Aggressive and suicidal behaviours were both measured using the Life History of Aggression Checklist [36] at age 18. Based on the average scores in a clinical sample, a score of 15 out of a possible 40 was used as a cut-off for determining aggressive individuals [36]. Suicidal behaviours were determined using two questions, “Deliberately attempted to injure yourself physically when you were angry or despondent” and “Deliberately attempted to kill yourself when you were angry or despondent”. Participants who endorsed either question were classified as having suicidal behaviours.

We included 19 predictors collected at age 9 or 12 and 15 which included psychiatric symptoms, parent and child relationship characteristics, as well as substance use [37,38,39,40,41]. A full list of variables and corresponding questionnaires used can be found in S1 and S2 Table.


Aggressive and suicidal behaviours were measured using the Young Adult Self Report and Adult Self Report of the Achenbach System of Empirically Based Assessment [42] at age 18. The aggression cut-off was derived using a T-score cut off of 64 from their respective aggressive behaviour subscales as suggested by the developers scoring system, which was equivalent to the 91.24% percentile of the NTR sample. Suicidal behaviour was measured using two related items from the internalising problems subscales: “I deliberately try to hurt or kill myself” and “I think about killing myself”. Participants who endorsed either question were classified as having suicidal behaviours.

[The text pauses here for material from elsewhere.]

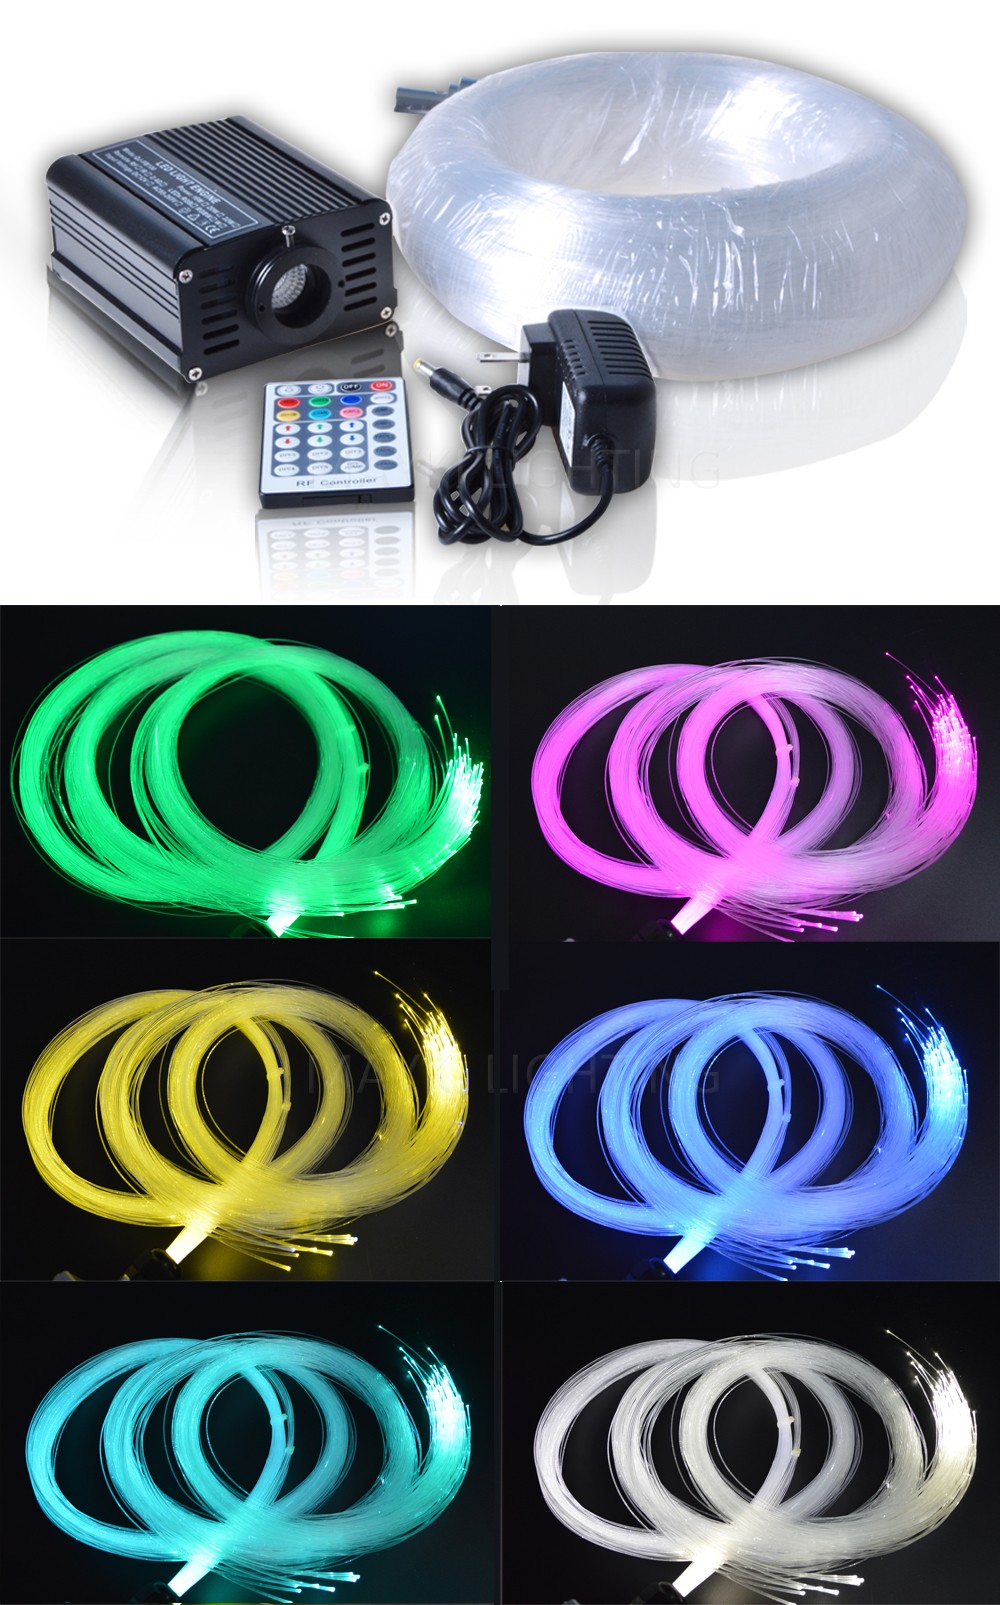 MK-L32W-1-fiber-optic-star-ceiling-kit-3

The predictors, collected at age 12 and 16, overlapped with CATSS but were obtained from different questionnaires (S1 Table) [43].

Polygenic scores

Polygenic scores (PGS) were constructed using summary data from recent GWASs. A complete list of the 17 traits and associated GWAS on which PGS were based can be found in S2 Table. Leave-one-out summary statistics excluding CATSS and/or NTR data samples were generated for any trait for which they were included in the discovery GWAS. Analyses were limited to individuals of European ancestry. From the psychiatric PGS scores a general psychopathology PGS variable was created to account for the underlying correlation between psychiatric disorders (S2 Table) [44, 45]. Genotyping and quality control were performed in both samples and are described in the Supplementary text.

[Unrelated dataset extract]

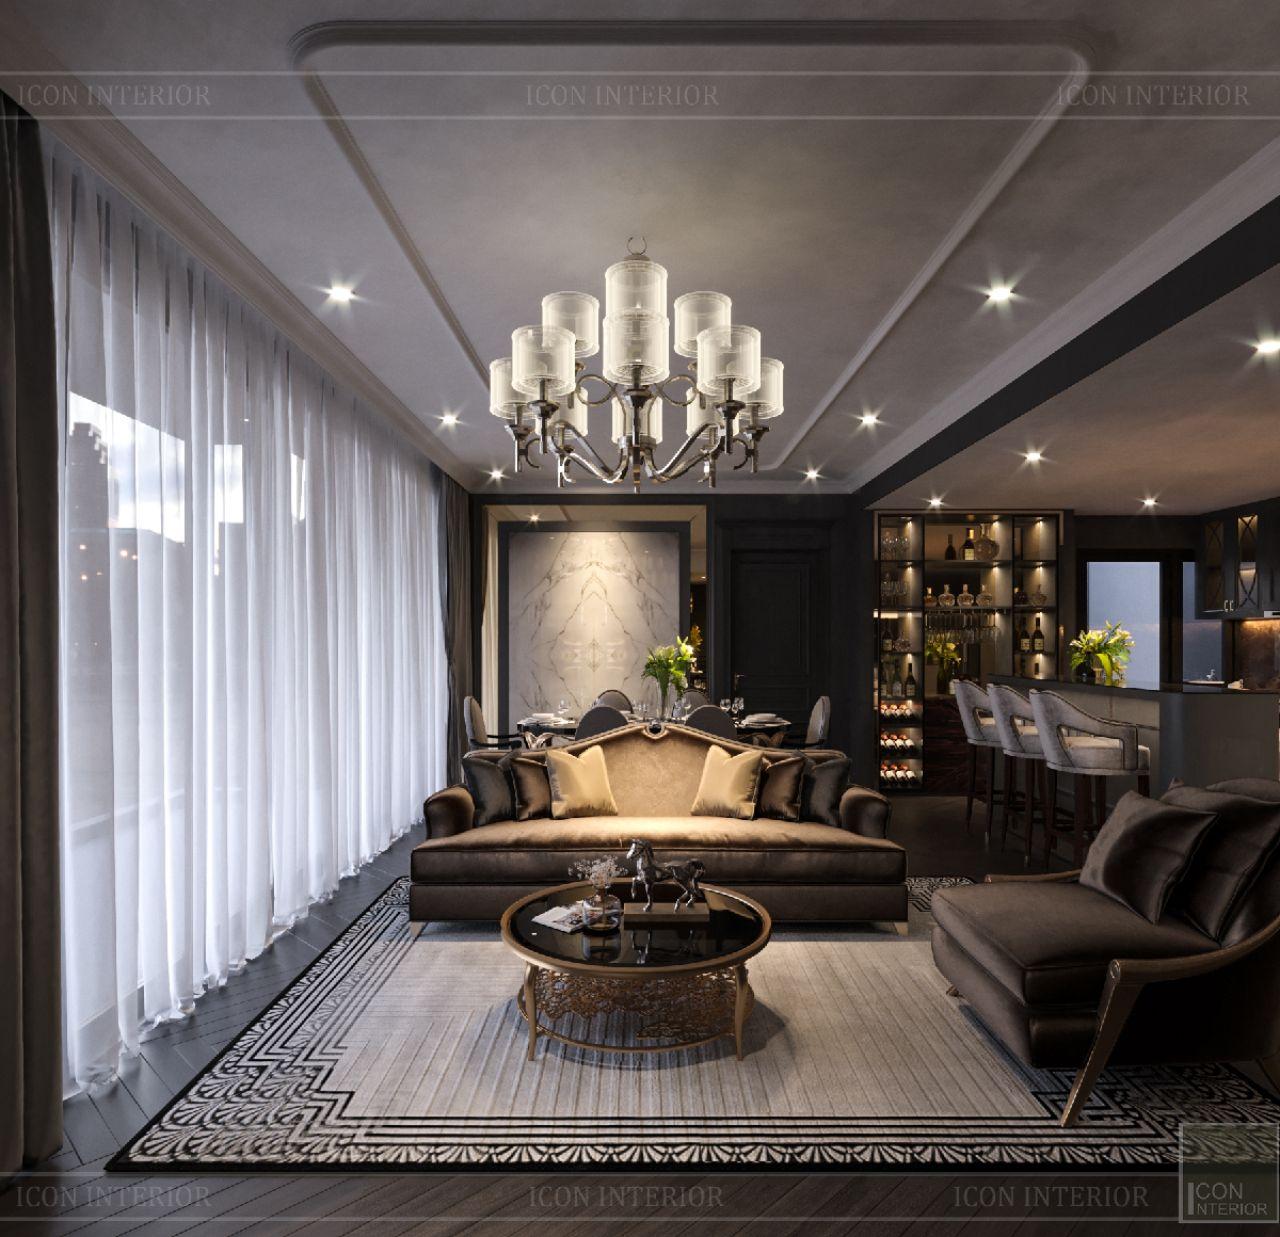 thiết kế căn hộ Empire City

PGS were derived using LDpred [46]. LDpred accounts for the linkage disequilibrium between single nucleotide polymorphisms (SNPs) to avoid inflation of effect sizes. For NTR the LD structure was determined on a subset of unrelated individuals and using a set of well imputed variants, while in CATSS, data from 1000 genomes phase 3 version 5 was used as an external reference sample [46, 47]. The weighted effect sizes were used as a basis for the polygenic scores. LDpred requires the specification of prior probabilities corresponding to the fraction of SNPs from the discovery samples considered causal with the trait, and we created scores at a range of priors (0.01, 0.05, 0.1, 0.2 0.3, 0.5, 1). In order to reduce the complexity inherent in having multiple PGS predictors and outcome variables, we performed principal component analysis (PCA) on all priors for each trait PGS, and included the first principal component (PCA-PGS) for each trait in our model according to Coombes and colleagues [48]. PCA analysis is an unsupervised machine learning technique which reduces the dimensionality of datasets while maintaining as much variability as possible; the resulting principal components (PCs) represent a certain amount of variation within the dataset. The first PC can be interpreted to represent the most variation within the data [49]. This method has been shown to prevent overfitting each PGS to each outcome and removes the need to select a single prior across all PGS.

Data pre-processing

All analyses were performed in R. First, all non-binary predictor variables were scaled separately in CATSS and NTR to account for variations in measurement tools. Pearson correlation was completed on all included variables (S3 Table). Participants with more than half of variables missing were removed from the analysis (Fig. 1). This removal was for two reasons: (1) although a standard strategy is to maximise the number of data points this may not be the best approach when considering data quality; (2) K-nearest neighbours was used for imputation and requires a certain ratio of complete cases and removing those with more than half the data missing provided us with a suitable ratio.

Fig. 1: Flow chart of the data set creation.
figure 1

**Principal component analysis (PCA) was completed separately for CATSS and NTR. Participants with a 1st principal component (PC) score outside −5.5–5.5 were used to determine outlier status. **R package groupdata2 [65] removed 11 data points during the data separation process to preserve the proportion of the outcome between the sets. 3 separate PCA were completed to determine outliers: combined train and tune set, test set, and NTR. CATSS Child and Adolescent Twin Study of Sweden, NTR Netherlands Twin Register.

Next, PCA was completed on the entire CATSS dataset to identify outliers which could hamper model performance [50]. Outliers were determined through the first principal component, severe outliers (scores outside the range of [−5.5, 5.5]) were removed. This process was repeated separately in the NTR dataset.

The CATSS data was then broken down into a training set, a tuning set, and a test set in an 80/10/10 split. As twin pairs are more similar to each other compared to other participants, we kept twins in pairs together in order to prevent overfitting that could occur from twin pairs being separated between the data subsets. Additionally, we stratified on the outcome to ensure that the outcome proportion was balanced across the data subsets. Descriptive statistics were checked to determine the consistency of the split. The NTR data was used without splitting.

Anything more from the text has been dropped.